## Material to process
....

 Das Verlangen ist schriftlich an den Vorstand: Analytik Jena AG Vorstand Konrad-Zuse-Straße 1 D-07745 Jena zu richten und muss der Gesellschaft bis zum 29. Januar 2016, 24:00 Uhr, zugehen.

....

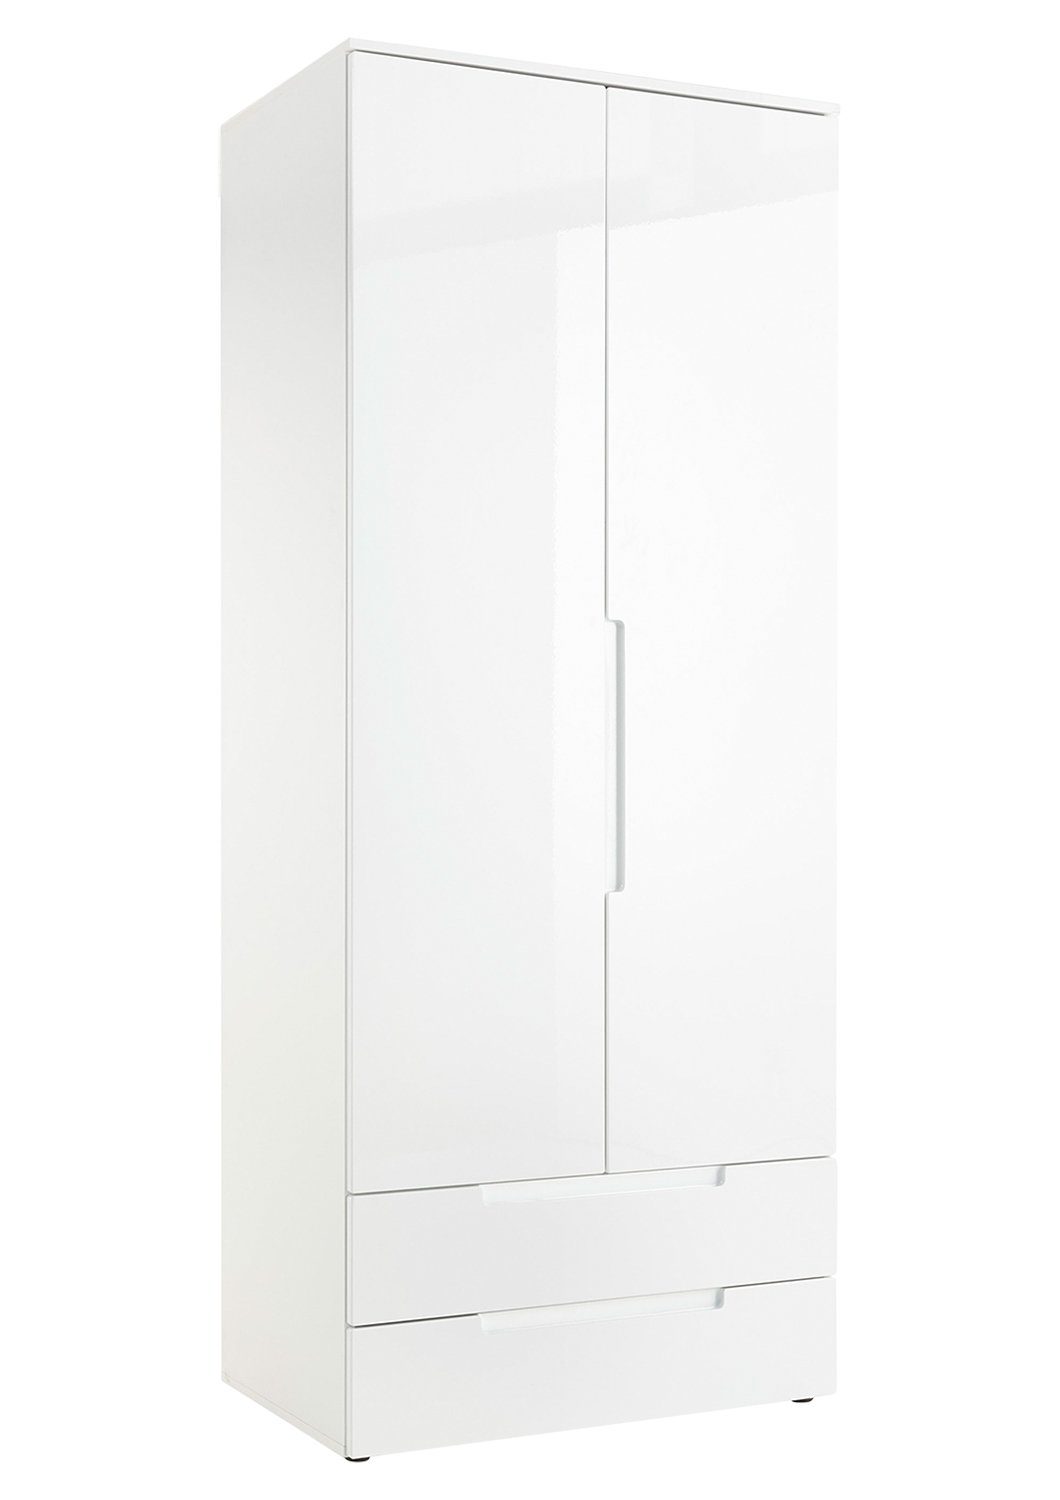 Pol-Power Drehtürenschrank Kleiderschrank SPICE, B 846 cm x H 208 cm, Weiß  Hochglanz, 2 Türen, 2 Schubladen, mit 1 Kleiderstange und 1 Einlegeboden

....

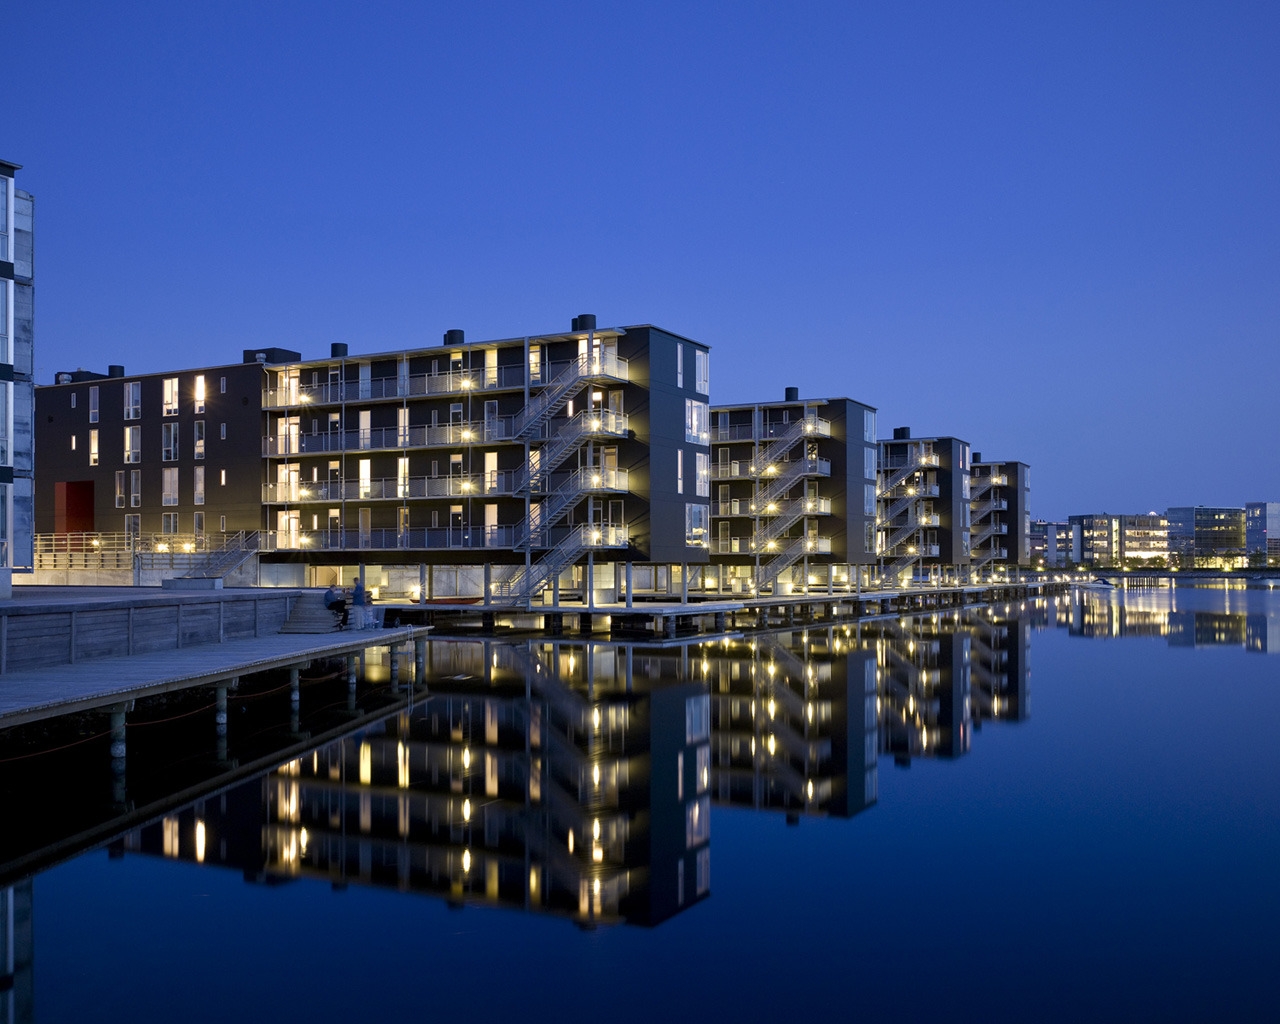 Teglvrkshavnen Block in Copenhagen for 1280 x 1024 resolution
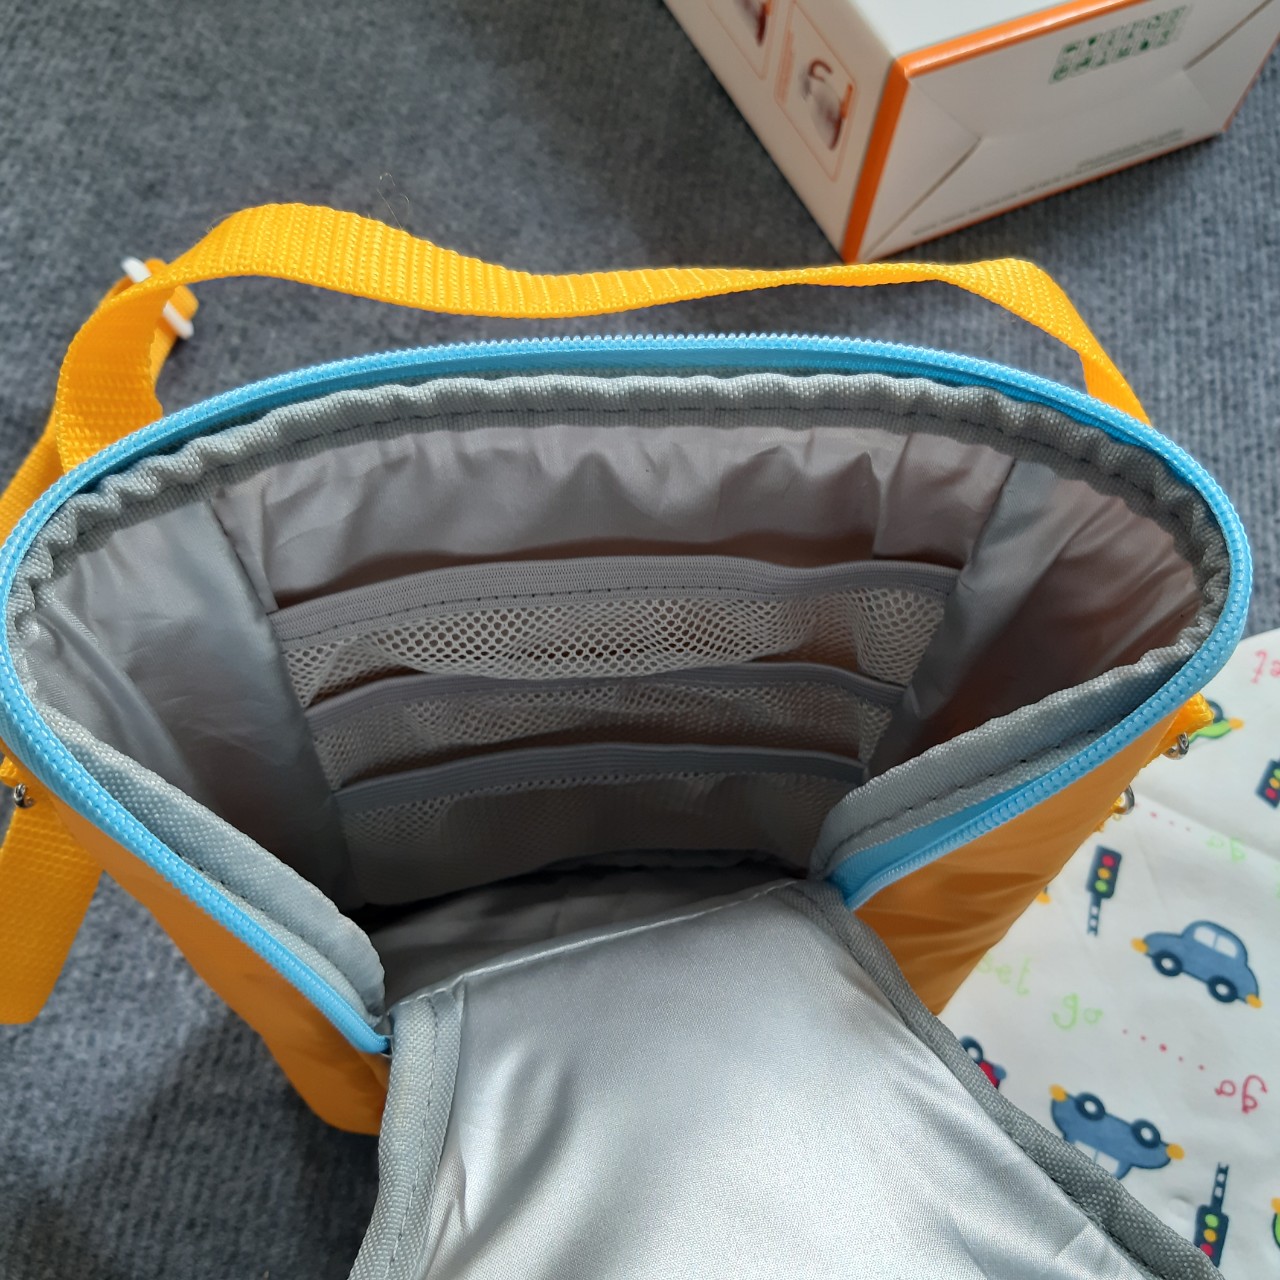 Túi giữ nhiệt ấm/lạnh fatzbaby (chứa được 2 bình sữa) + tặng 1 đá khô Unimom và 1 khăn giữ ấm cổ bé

....

## Task directions
An exact copy is needed. It runs from the line above containing "Teglvrkshavnen Block in" down to the line containing "Túi giữ nhiệt", both included, with no pictures.

## Response to the exercise
 Teglvrkshavnen Block in Copenhagen for 1280 x 1024 resolution
 Túi giữ nhiệt ấm/lạnh fatzbaby (chứa được 2 bình sữa) + tặng 1 đá khô Unimom và 1 khăn giữ ấm cổ bé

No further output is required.